# Drawer construction



## Gatorpharm (Nov 29, 2010)

I know that dovetails are the strongest joint for drawer construction. But I didn't want to spend $$ on a jig just now. What's the next best thing? I have a table saw and router. I'm using 1/2 inch Baltic birch plywood. 7"H,38"W,21"D. False front. Full extension side mount drawer slides. The drawers will be used for DVD storage on a built-in entertainment cabinet - not very heavy contents. 

Thanks


----------



## Locodcdude (Oct 24, 2010)

Using dovetails doesn't mean you need to buy a fancy jig, but if you are amateur like me, cutting them by hand isn't the best idea. I would use a Lock miter bit in the router, or just use some rabbets on these drawers.


----------



## cabinetman (Jul 5, 2007)

The easiest drawer construction would be to rabbet the sides to accept the front and back. All the machining can be done on the table saw with a single blade. Cut the length of the rabbet first on the sides, i.e., ½" x ¼" deep. If you cut the sides standing up, set up a tall fence support. If not, several passes can be made with just your miter gauge and the side held flat to the table. The sides and front are grooved to accept the bottom. 

The back is cut short to allow the bottom to be slid in. A well fitted bottom will help square the drawer. The bottom can be attached to the underside of the back with fasteners, or screws.

The front and back can be brad nailed (and glued) to the sides . Use an angle to the front and back to shoot the fastener into the sides. That way no fastener will show when assembled.












 







.


----------



## russjohnson (Dec 11, 2010)

I had a recent project that used the same material. I used a locked rabbet joint. Basically a 1/4 x 1/4 rabbet with a dado 1/4" in on the mating piece.

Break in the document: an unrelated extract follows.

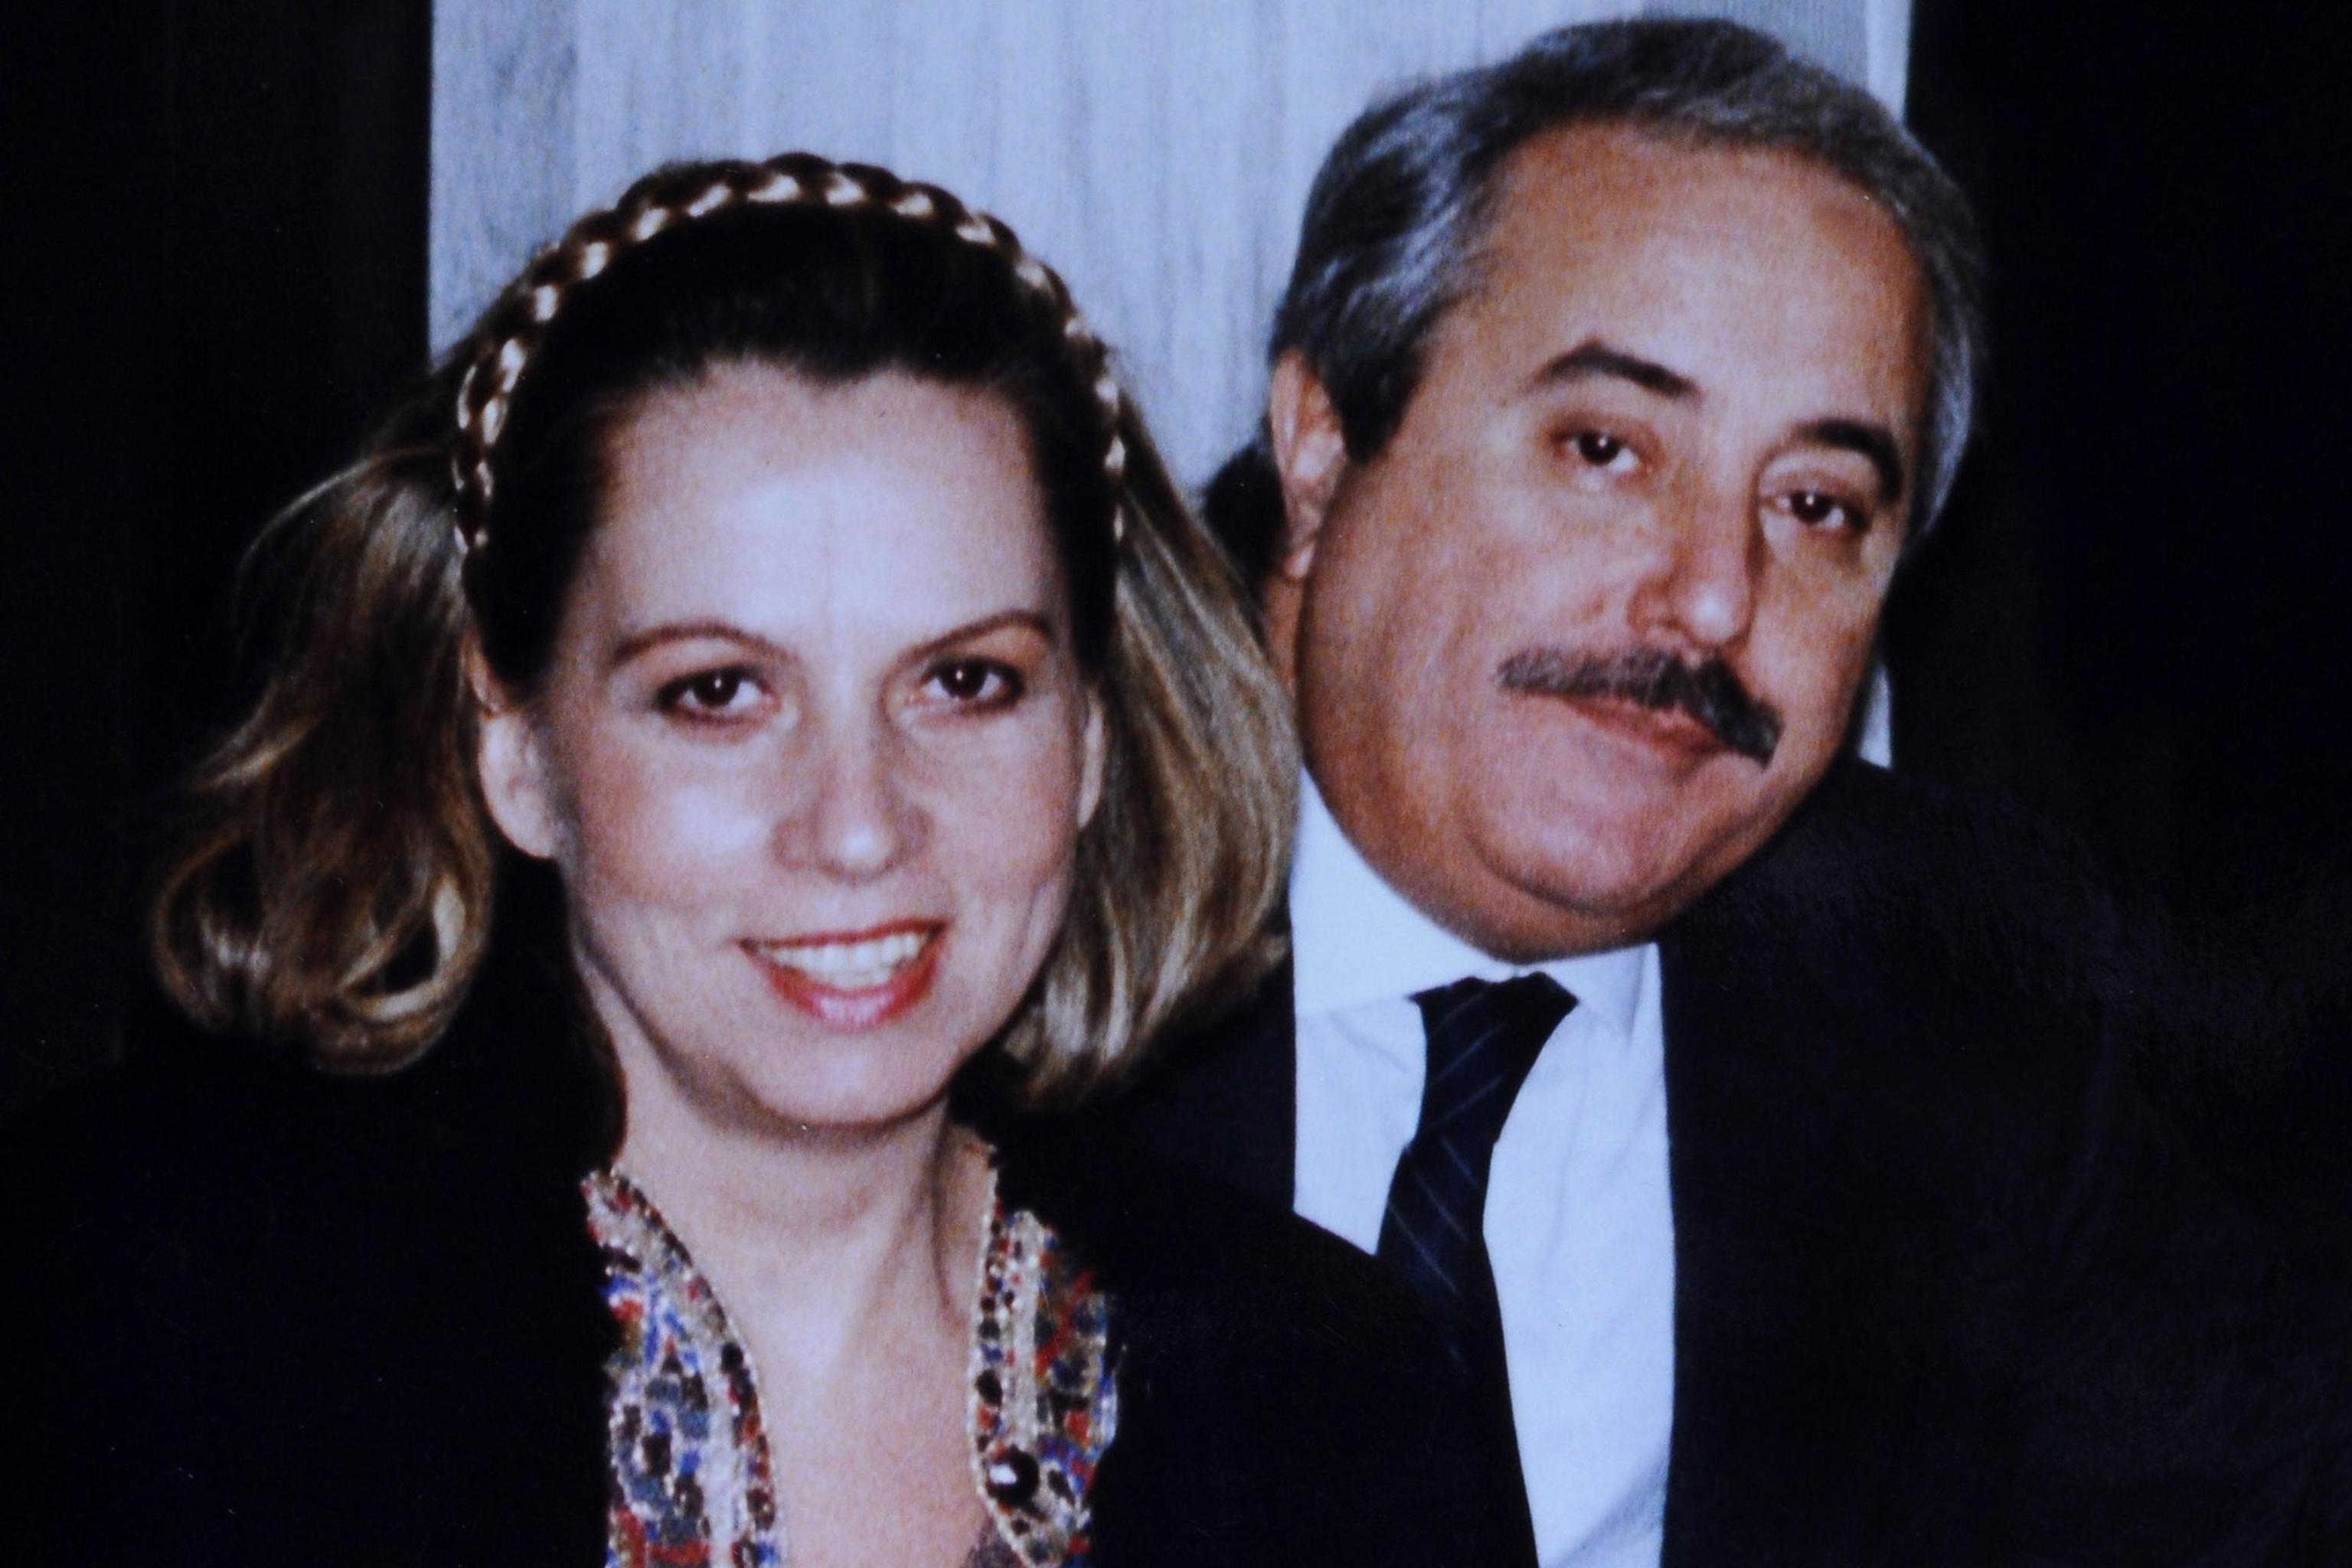 Francesca Laura Morvillo e Giovanni Falcone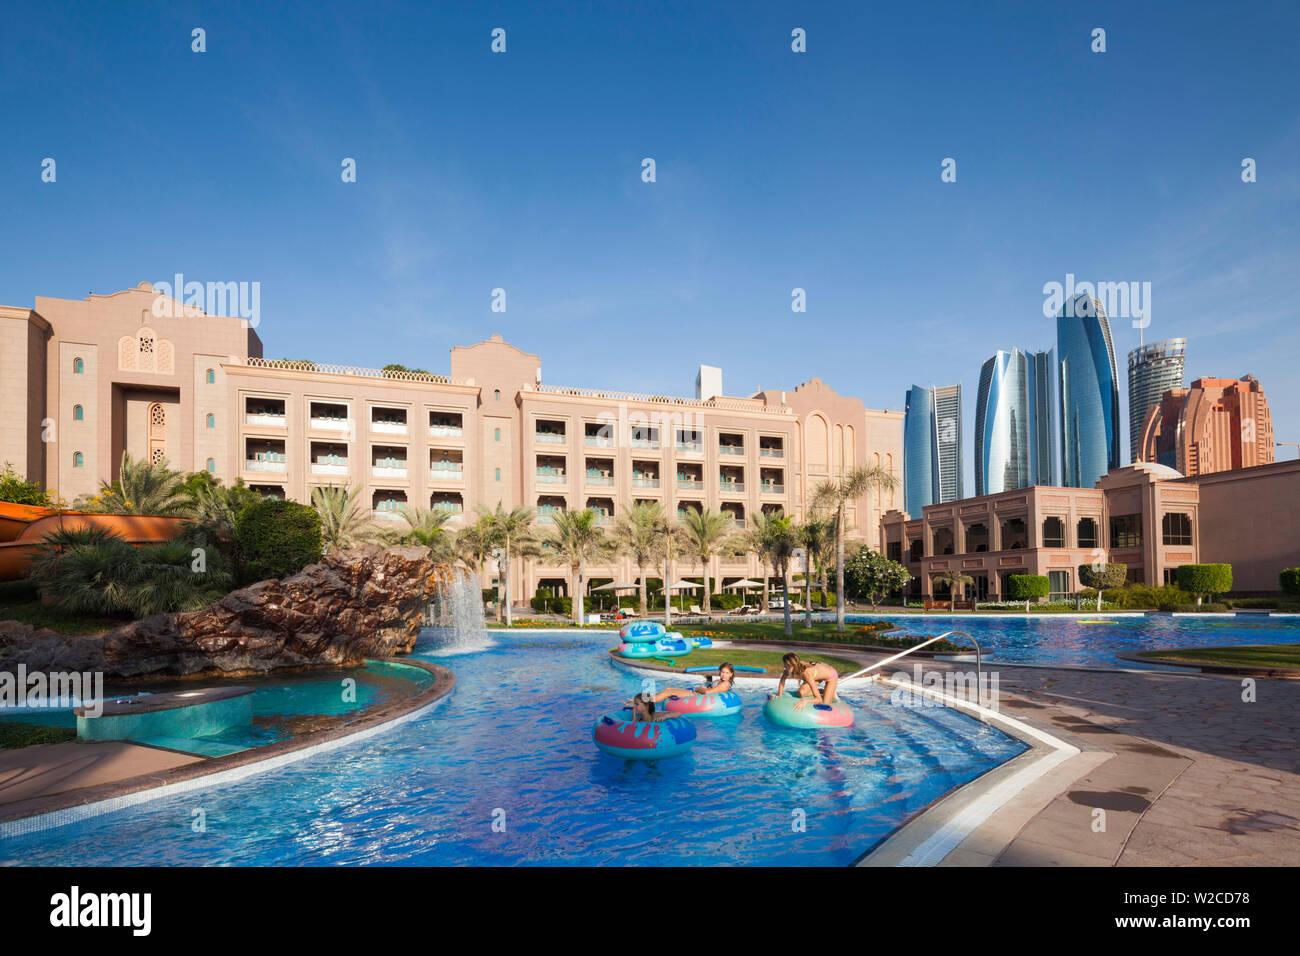 UAE, Abu Dhabi, Emirates Palace Hotel, swimming pool and Etihad Towers - Stock Image

Here is an example http://www.woodmagazine.com/woodworking-tips/techniques/joinery/lock-rabbet-drawer-joints/. I found it created flawless 90 deg corners with out much work. Joint can get a little tight when glue is applied so make it not too tight during dry fit. I brad nailed them during dry up.


----------



## cabinetman (Jul 5, 2007)

russjohnson said:


> I had a recent project that used the same material. I used a locked rabbet joint. Basically a 1/4 x 1/4 rabbet with a dado 1/4" in on the mating piece. Here is an example http://www.woodmagazine.com/woodworking-tips/techniques/joinery/lock-rabbet-drawer-joints/. I found it created flawless 90 deg corners with out much work. Joint can get a little tight when glue is applied so make it not too tight during dry fit. I brad nailed them during dry up.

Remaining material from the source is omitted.